His face is the same. The innocent face that made schoolgirls cry - and a sad few threaten hunger strike - when he was found guilty and jailed. That flawless, delicate face, pre-viously framed by a long, unkempt, rock-star mane, hiding behind dark sunglasses or staring moodily through the bars of a prison van on newspaper and magazine covers.
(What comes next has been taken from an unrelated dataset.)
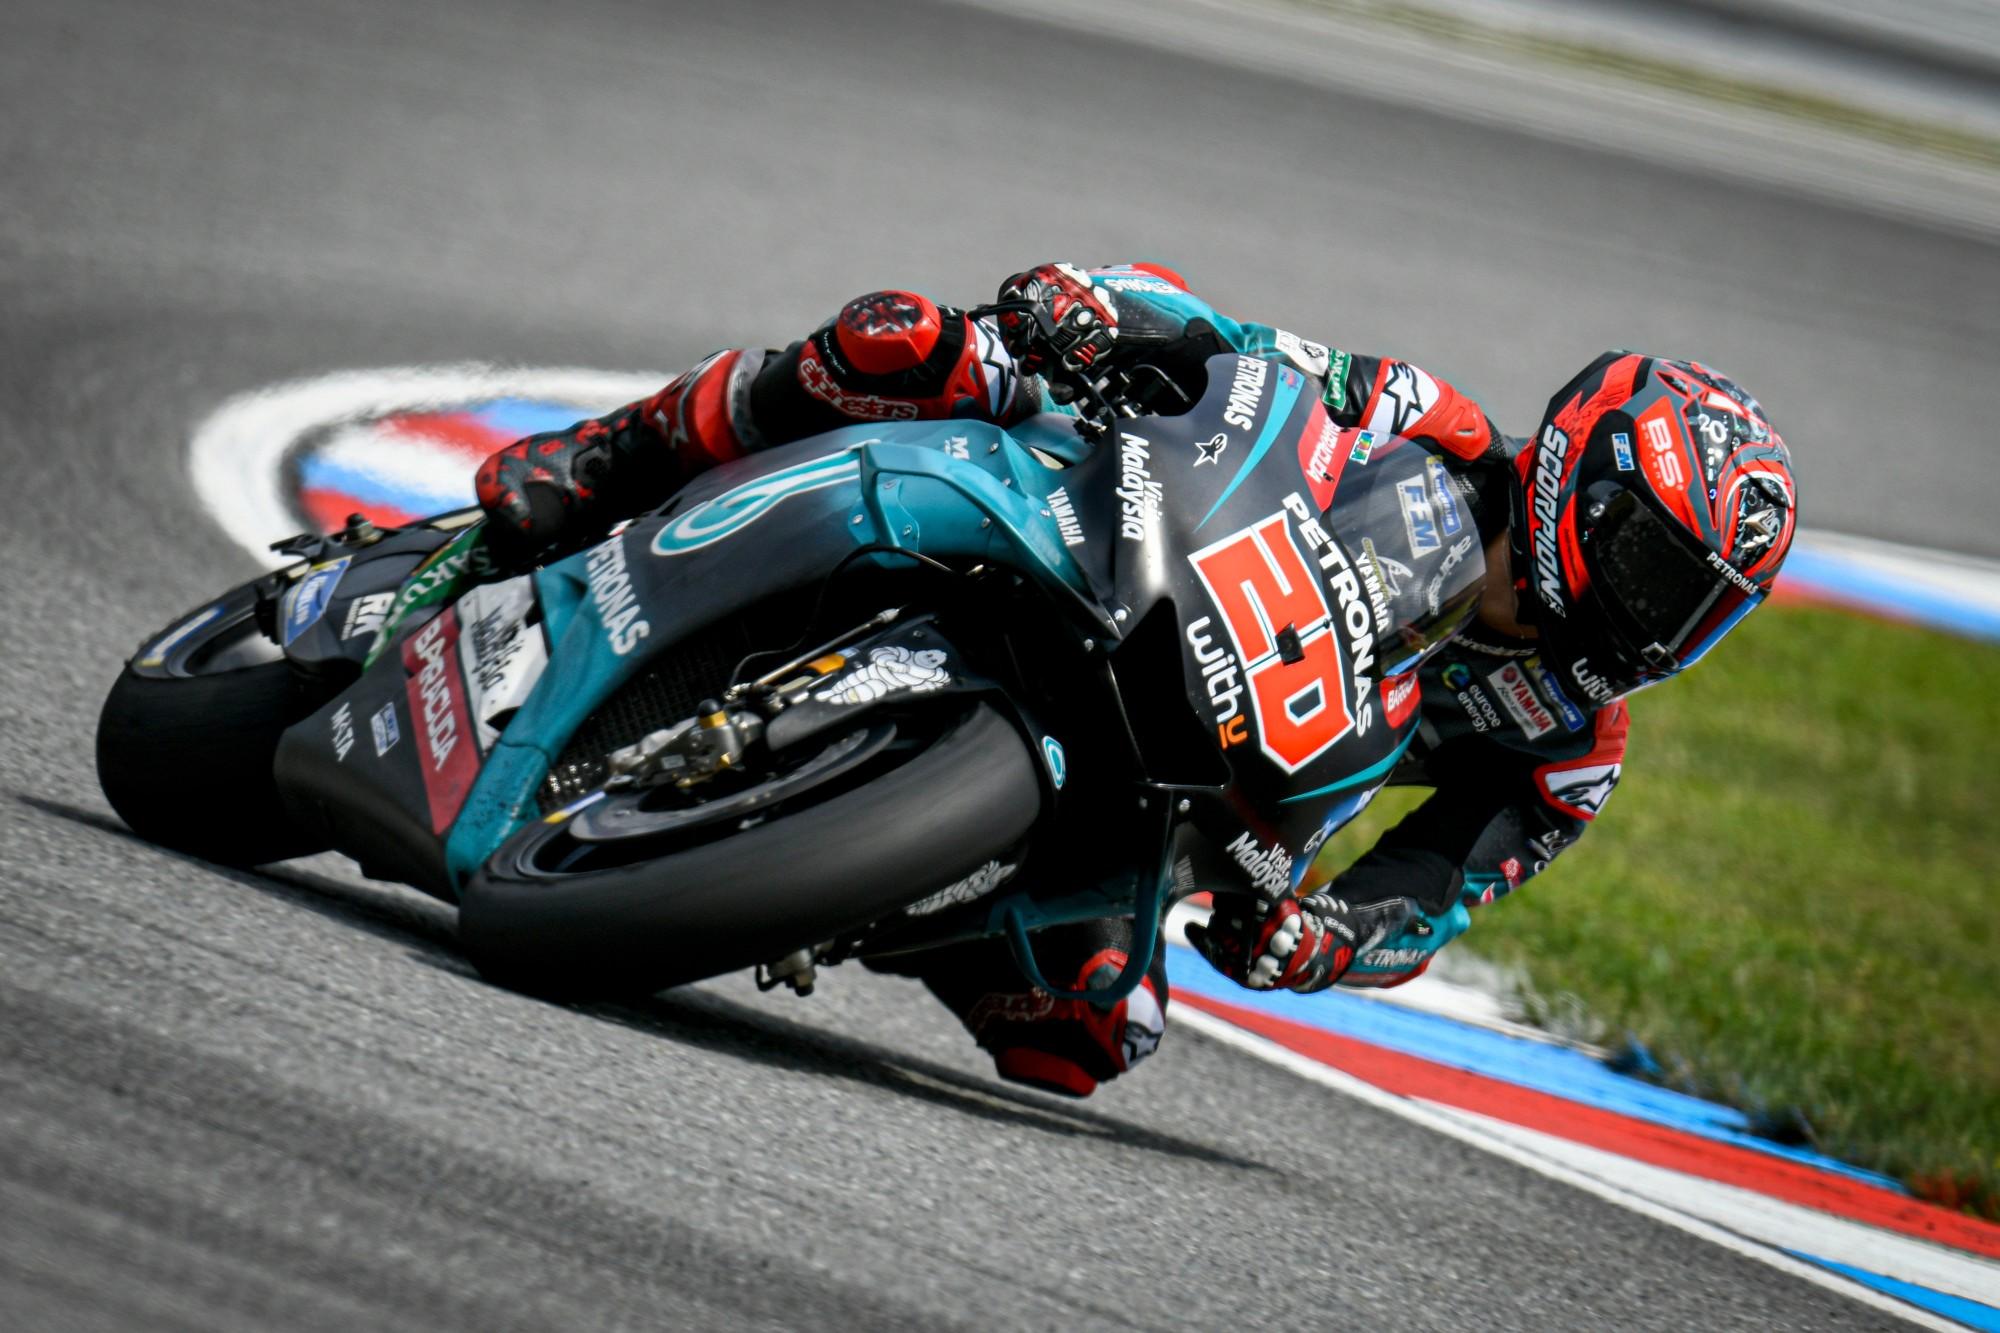 Motogp Fabio Quartararo Fastest New Yamahas Break Cover During Testing Monday At Brno Roadracing World Magazine Motorcycle Riding Racing Tech News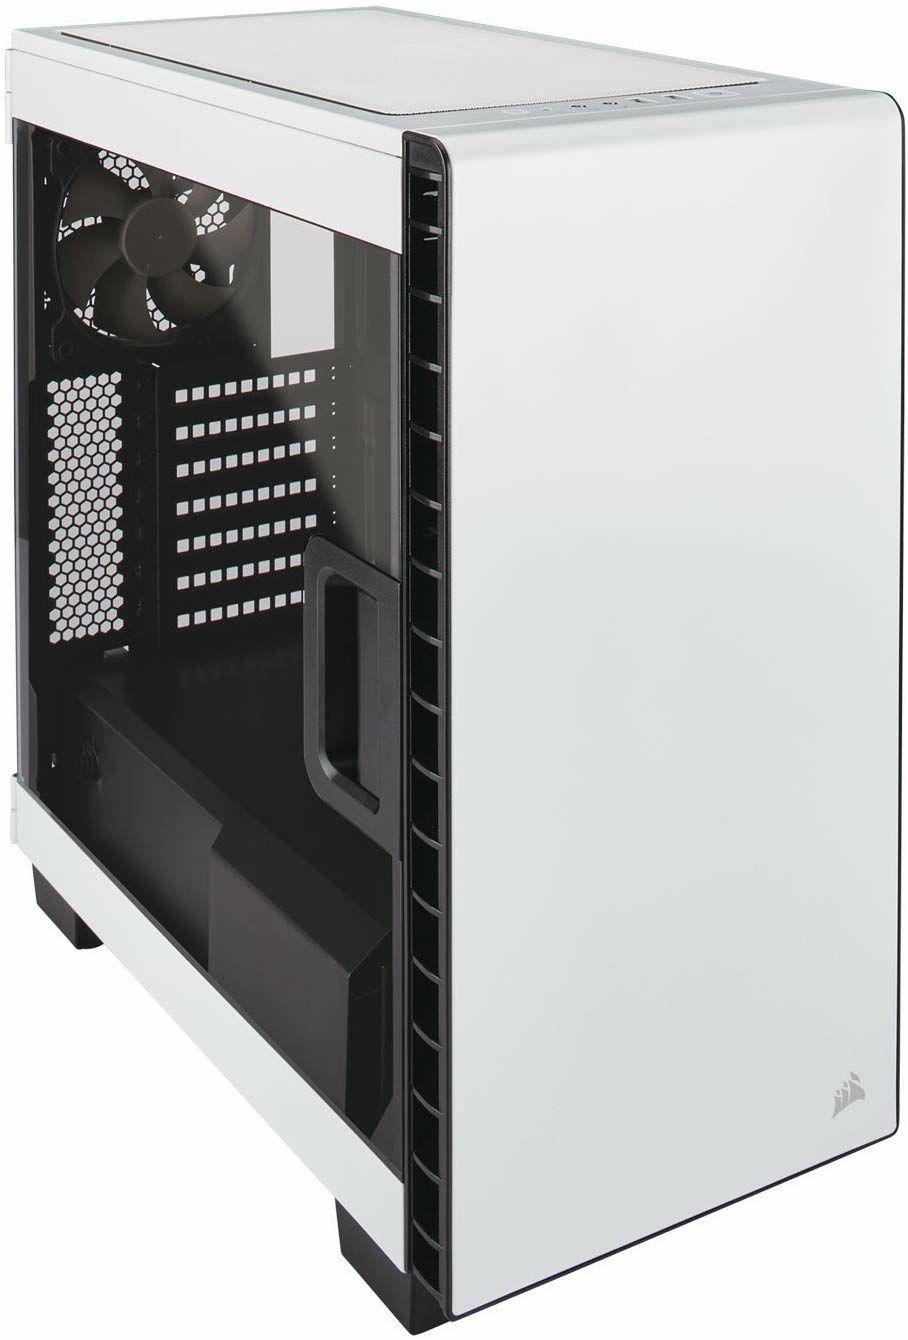 Corsair Carbide Series 400C PC-Gehäuse - Seitenfenster Midi-Tower ATX, weiß (Amazon/NBB)

Nicholas Tse Ting-fung, guitar-smashing bad boy of popular music, and convicted criminal, is the closest thing Hong Kong has ever had to a fully fledged rock 'n' roll hell-raiser. Passionate about his craft, disdainful of public opinion and authority, Tse famously bolted for Vancouver in 1997, running out on his bosses at Fitto Records - now the powerful Emperor Entertainment Group (EEG) - because he was disappointed with Hong Kong's music industry and upset at the way the media treated him. We adored him for it. We couldn't get enough of Tse's indiscretions and rebellious antics: racing the paparazzi in glamorous Italian cars; conducting high-profile love affairs with Hong Kong's most desirable women. In a world of manufactured idols, here was the real thing: damaged, petulant, but always defiant and ever ready to flip the finger.
Then, at about 6am last March 23, all that fast living came crashing in on our handsome anti-hero. Tse skidded on rain-soaked Cotton Tree Drive, smashed his $2 million, black Ferrari F360 Modena into the guard rails and tore off the back of the car. What happened next is still reverberating through his life.
Tse rang EEG driver Shing Kwok-ting, who chauffeured many of the group's artists. After advising Tse to leave the car, Shing and Tse's personal assistant, Chow Chu-fai, suggested the star allow Shing to claim he was behind the wheel when the car crashed. The driver went to the scene and told traffic policeman Lau Chi-wai he would 'stand in' for Tse; Lau agreed. Stupid moves all round, as it transpired.
In April, Shing was convicted of conspiring to pervert the course of justice and was later sentenced to four months in jail. But Tse continued to act up. On May 16 he was caught driving his Audi at 133km/h in an 80km/h zone on the Tsing Kwai Highway; 11 days later police timed him driving his Ferrari F355 convertible at 155.8km/h in a 100km/h zone on West Kowloon Highway as he headed towards Chek Lap Kok. And in June he crashed and injured himself and three others when his $950,000 turbo-charged Audi S4 collided with a Mercedes-Benz on the North Lantau Expressway.
By then, both Tse and policeman Lau were facing charges of perverting the course of justice. To top it all, it emerged Tse was with 22-year-old singer Cecilia Cheung Pak-chi and not his then-girlfriend, pop diva Faye Wong, 11 years his senior, at the time of the Cotton Tree Drive crash. The media went into a feeding frenzy. In October, Tse was found guilty and sentenced to 240 hours' community service; Lau was also convicted, but sent to prison for six months.